Validating share of customers’ business estimates.
Progressive firms find a way to assess the accuracy of their estimates of customers’ share of business. Managers from Lubrizol, for instance, periodically check the accuracy of their data by referring to studies published by the American Petroleum Institute. Honeywell Performance Fibers, formerly AlliedSignal Performance Fibers, draws on multiclient studies conducted by the Fiber Economics Bureau, which routinely compiles fiber-producer data.
Building a customer’s share database.
Best-practice firms build a database for tracking their share of customers’ business and for leveraging the knowledge gained in analyses of the data. Lubrizol has created a customer profile (CP) database system, which is always available on the company’s intranet. Each quarter, sales-people and sales managers review and update information on their global accounts. (Global accounts are defined as a country-customer pairing — for example, ExxonMobil’s business in Argentina.) The CP system tracks finished lubricant, finished fuel and amount of additive, each expressed in metric tons. The sales-people gather and submit the data in gallons, pounds, tons or liters, whichever is easiest for them, and the CP system converts the data into metric tons. The amount of additive consumed by the customer is tracked separately because of the varying “treat rates” — that is, how much needs to be added to achieve performance parameters.
The CP system enables the analysis of changes in the market, such as the impact of new product introductions. Such analyses can provide answers to sales rep and sales manager inquiries — for instance, how much the share of multi-grade oils is growing at the expense of monograde oils in Latin American countries. The CP system also enables regional comparisons among Latin America, Europe and North America.

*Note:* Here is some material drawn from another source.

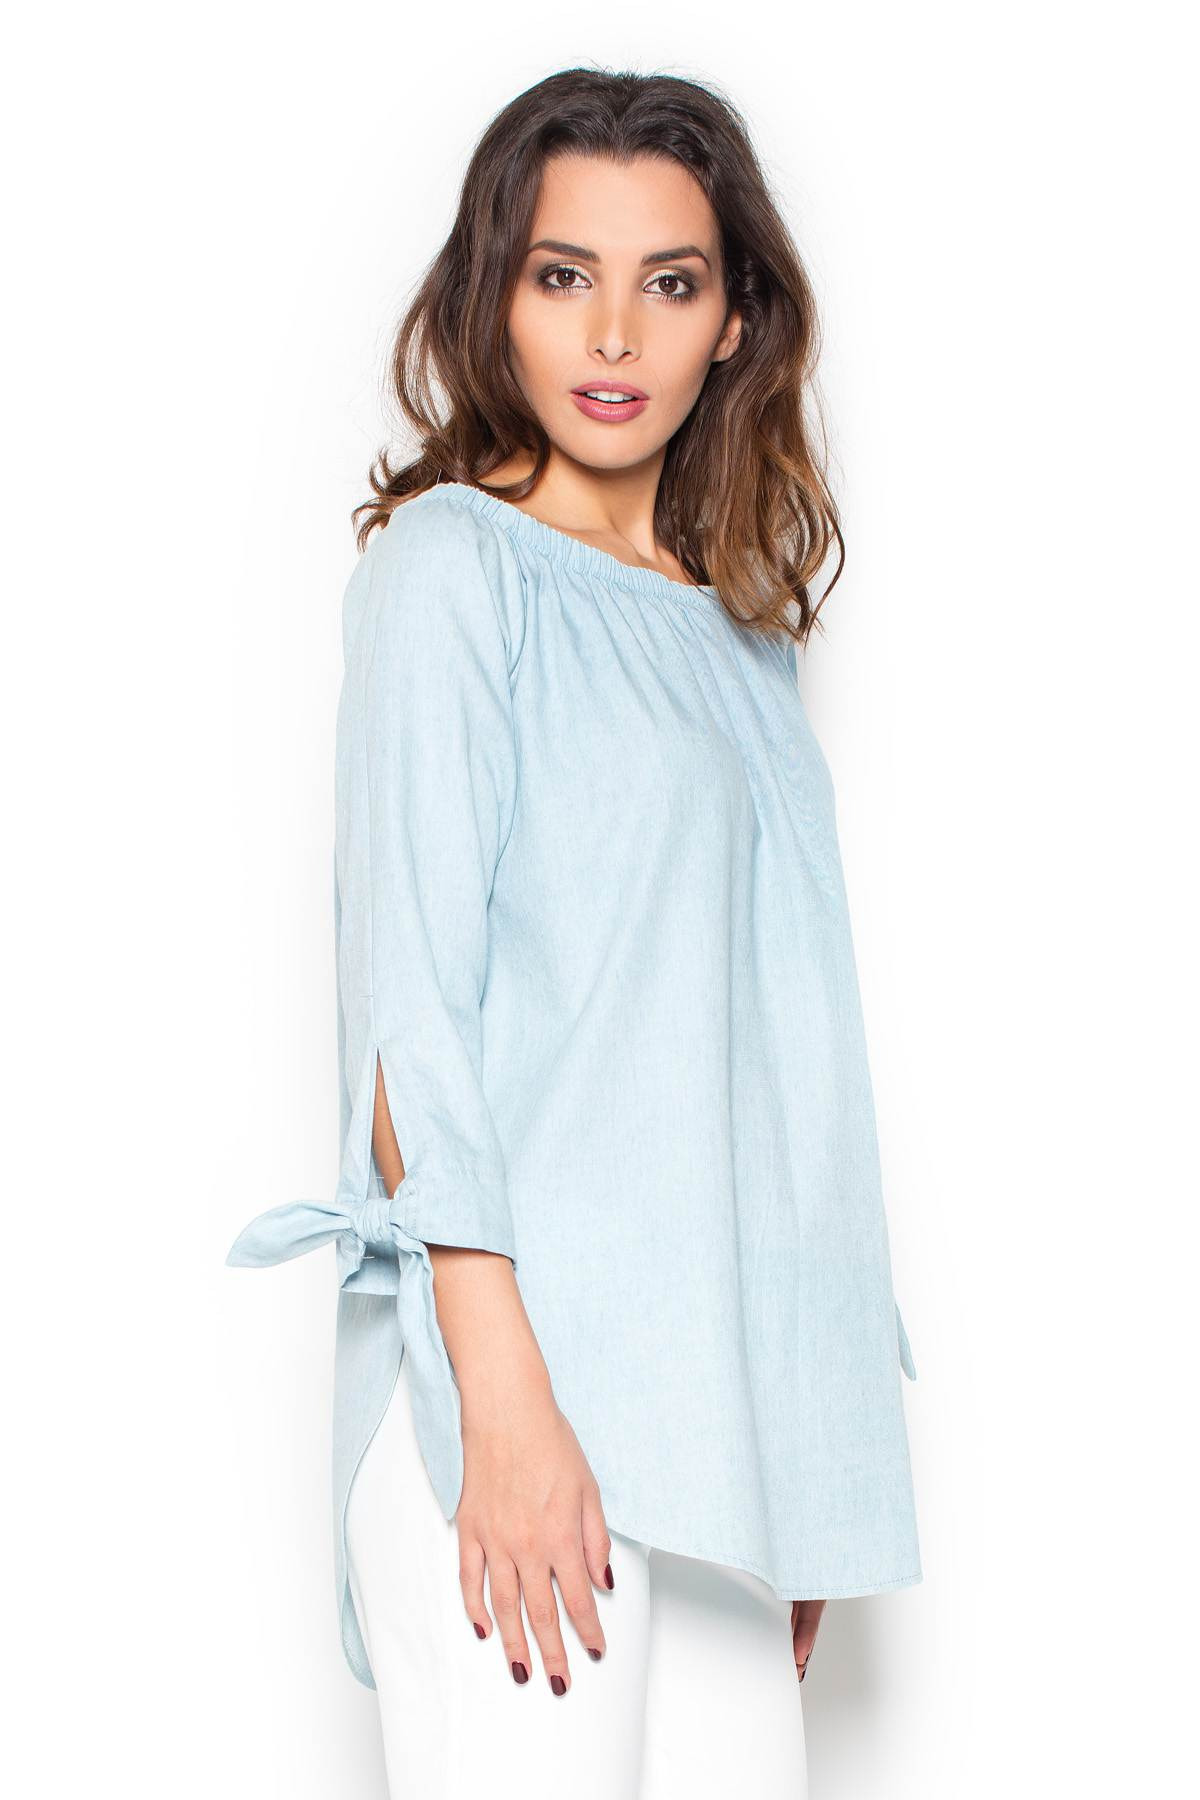 KATRUS γυναικεια τζιν μπλουζα

Technische Unie is an outstanding example of a company that, while minimizing the data-gathering burden on salespeople and customers, rigorously estimates its share of customer’s business, uses independent sources to validate those estimates, and builds an effective customer-share database to leverage the value of the data for itself and its customers alike.
Technische Unie is the Netherlands’ leading distributor of electrical, plumbing and heating products for housing, commercial/ institutional and industrial use. To gain a fine-grained understanding of its share of each customer’s business, two full-time employees conduct field interviews with customers. For each branch of Technische Unie, the interviewers select a random sample of 30 customers, stratified by the number of mechanics that a customer employs — small (fewer than 10 mechanics), medium (between 10 and 50) and large (more than 50). Then they visit these customers to conduct customer reviews and collect data. Each researcher visits one branch every six weeks. Together, they conduct about 500 in-depth interviews per year, each lasting about two hours. About once every two years, Technische Unie calibrates the information from its 35 branches, and this information allows the branches to benchmark one another.
As a result of these dialogues, Technische Unie learns a good deal about its customers. Each customer relates the total amount of material it purchased in each product segment (and within product segment by major product families, such as porcelain and piping) and the number of mechanics it has working in a given area (e.g., electrical, plumbing, heating). This enables calculation of the amount of material used per mechanic during the year. In a related initiative, Technische Unie’s sales representatives interview each customer twice a year to ask about changes in the number of mechanics assigned to each product area. This enables the company to compare sales histories for each account by product category. (Thus, for example, Technische Unie knows that within the plumbing product segment it may be getting its targeted share of the customer’s porcelain business, but not of the piping business.)
In the reviews, each customer also reveals the percentage of material it bought from wholesalers in contrast to what it bought directly from manufacturers. To obtain independent estimates for comparison, Technische Unie gathers data from a regional association of electrical installation firms and similar associations for plumbing and heating. It also has one person check the validity of the data provided by sales reps.
Technische Unie has developed a proprietary laptop program for tracking development, sales by order, margin and share of customer’s business for each customer. The program provides benchmark information by product group for each salesperson, all of whom are free to use it to guide their inquiries with customers about their purchases. To gain the confidence of its sales-people, Technische Unie makes it clear that all such information is to be used only for management discussion and guidance, not to assess individual performance.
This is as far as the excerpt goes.